Global primary key configuration file
This file is a Java properties file, so all the data is in form of single lines, of the form "property name = property value". A line is a comment if it begins with a hash character, and blank lines may be present. This file defines a set of primary keys by name for each class. Defining a primary key on a class makes it apply to all the subclasses too. This file should be created in <mine>/dbmodel/resources.
To define a primary key, enter a line in the following form:
Classname.primary_key_name = field1, field2
This line means that the class "Classname" and all its subclasses have a primary key called "primary_key_name" that matches two objects if the values of both of the fields "field1" and "field2" are identical.

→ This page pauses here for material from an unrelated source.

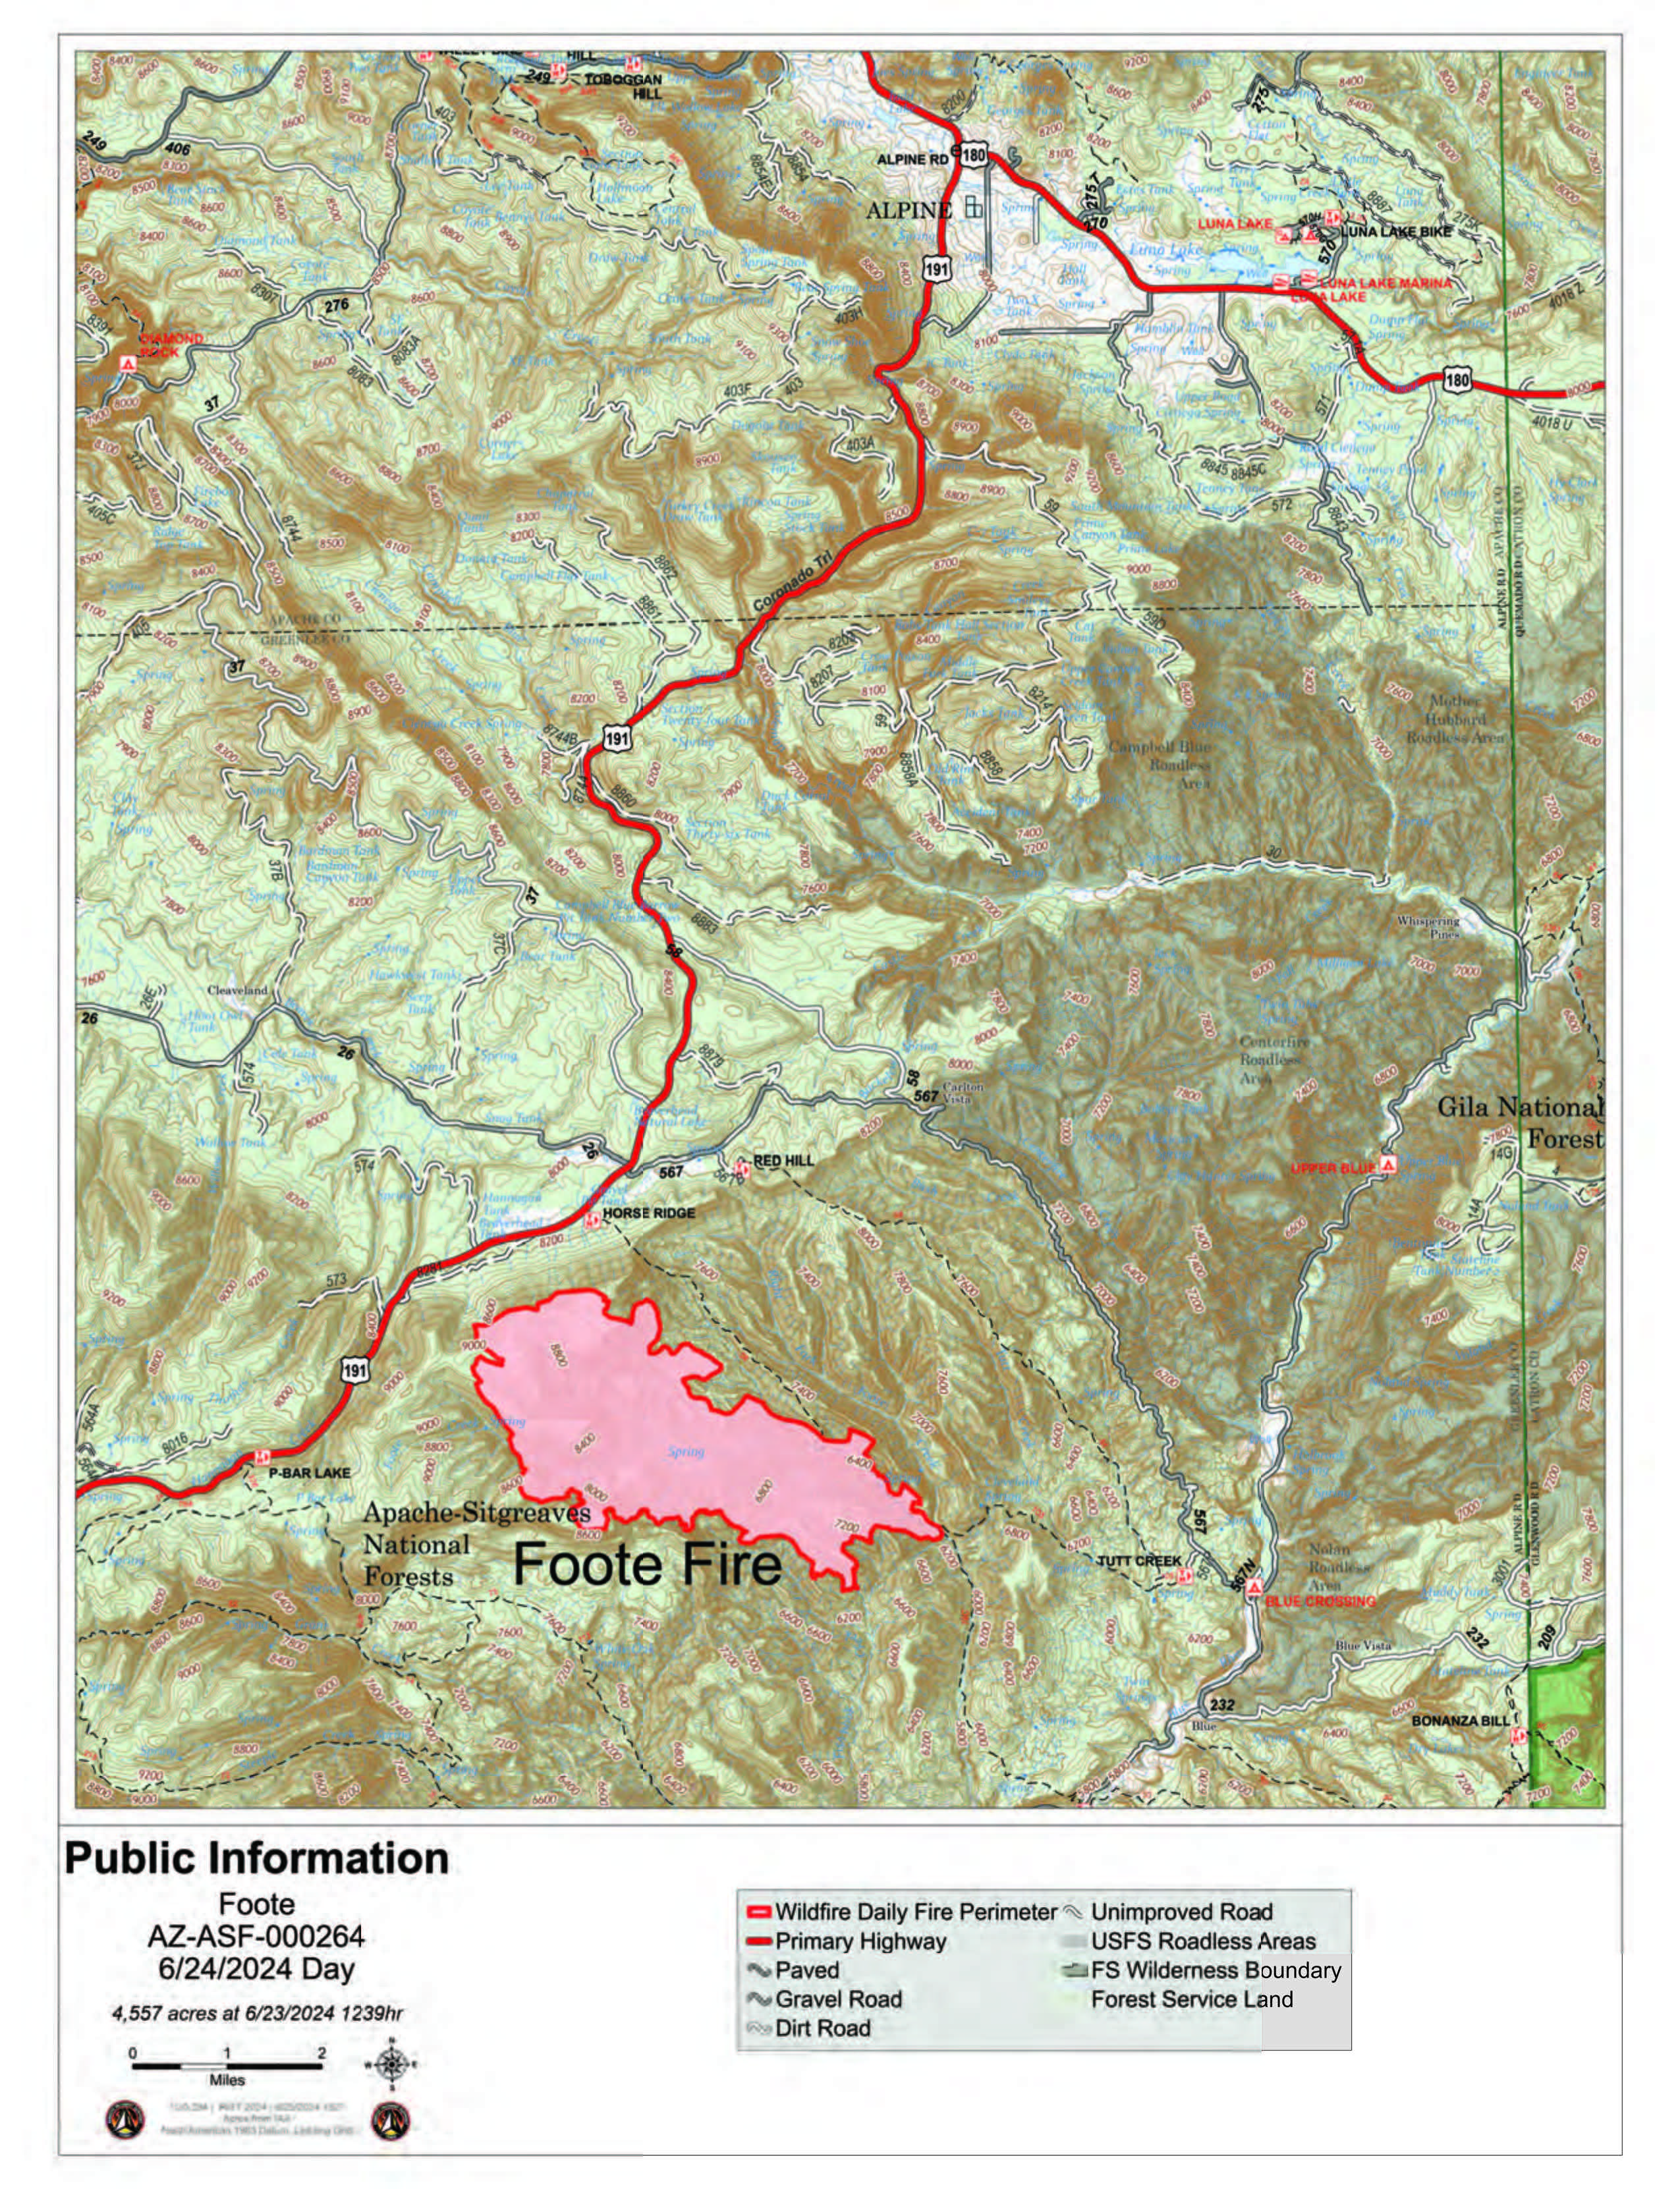 This is a map of the Foote Fire on June 24 2024

Only attributes and references can be used as fields in a primary key, not collections.
Here is a short example of the configuration file. The configuration file we use for the FlyMine system is a good example.

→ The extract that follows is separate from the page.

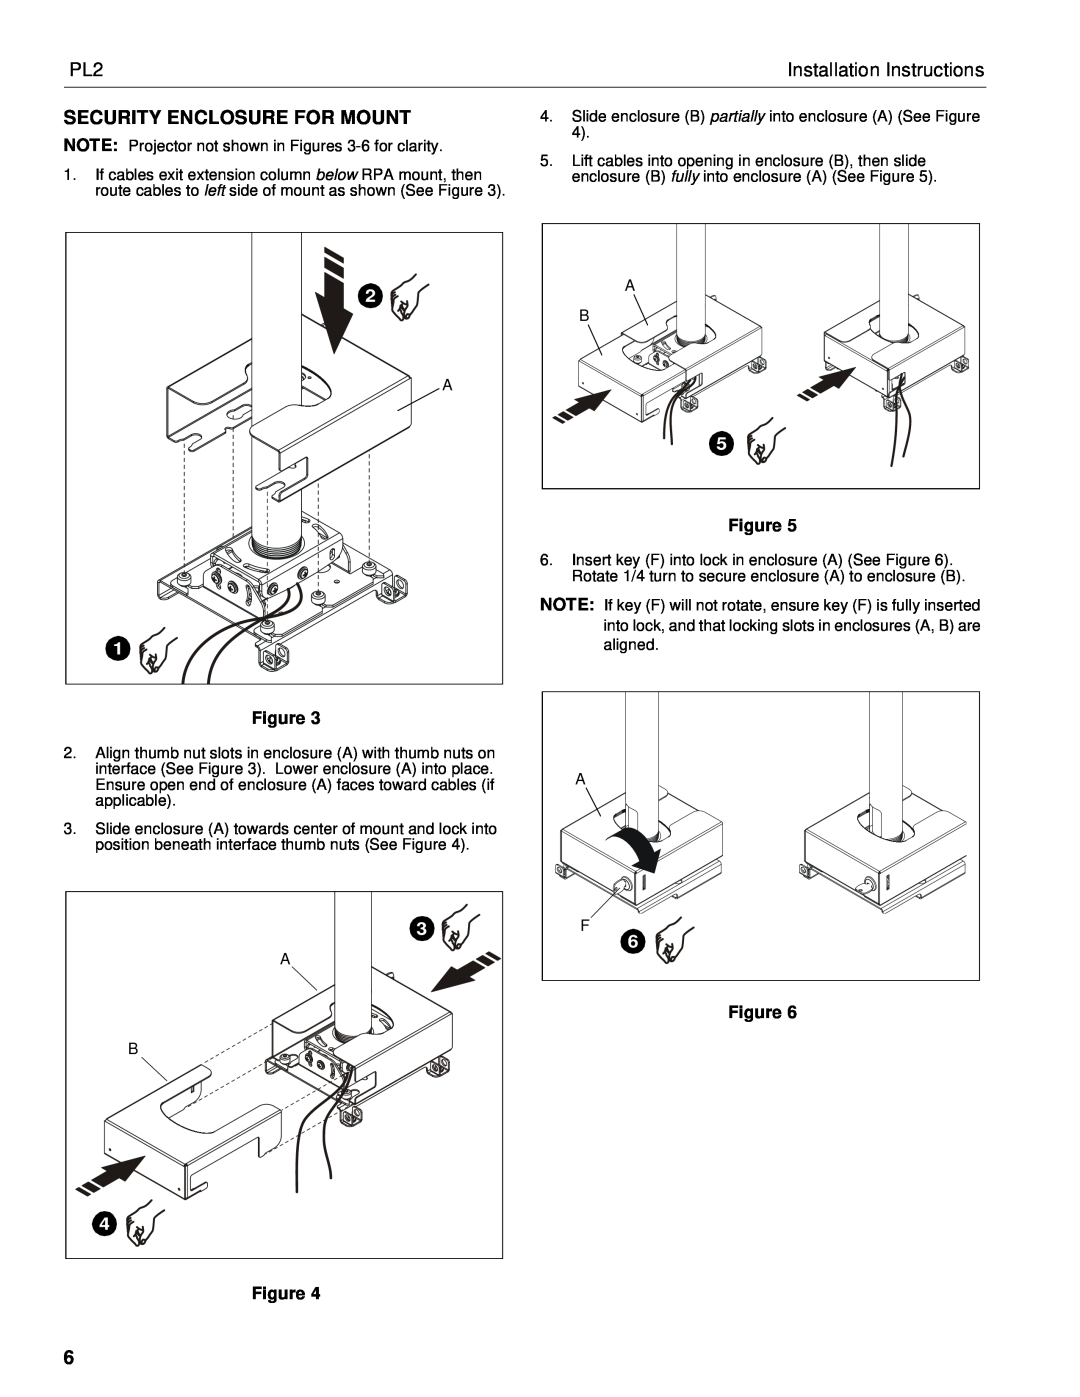 Chief Manufacturing PL2 installation instructions Security Enclosure For Mount, Installation Instructions

Gene.key_identifier_org=identifier, organism Gene.key_symbol_org=symbol, organism Gene.key_organismdbid=organismDbId Gene.key_ncbiGeneNumber=ncbiGeneNumber Protein.key_identifier_org=identifier, organism Protein.key_primaryacc=primaryAccession
Data source keys configuration files
For each data source, there is a configuration file providing a list of the primary keys that can be used when integrating that data source. It is again a Java properties file. The file lists the primary keys by name for each class. If a class is not mentioned, then instances of that class will never be merged with other objects. Each class must be mentioned only once in this file, unlike the global configuration. For each class, there should be a line like the following:
Classname = primary_key_name, primary_key_name2
This line means that the class "Classname" and all its subclasses have a two primary keys available for this data source, called "primary_key_name" and "primary_key_name2", which should be defined properly in the global configuration.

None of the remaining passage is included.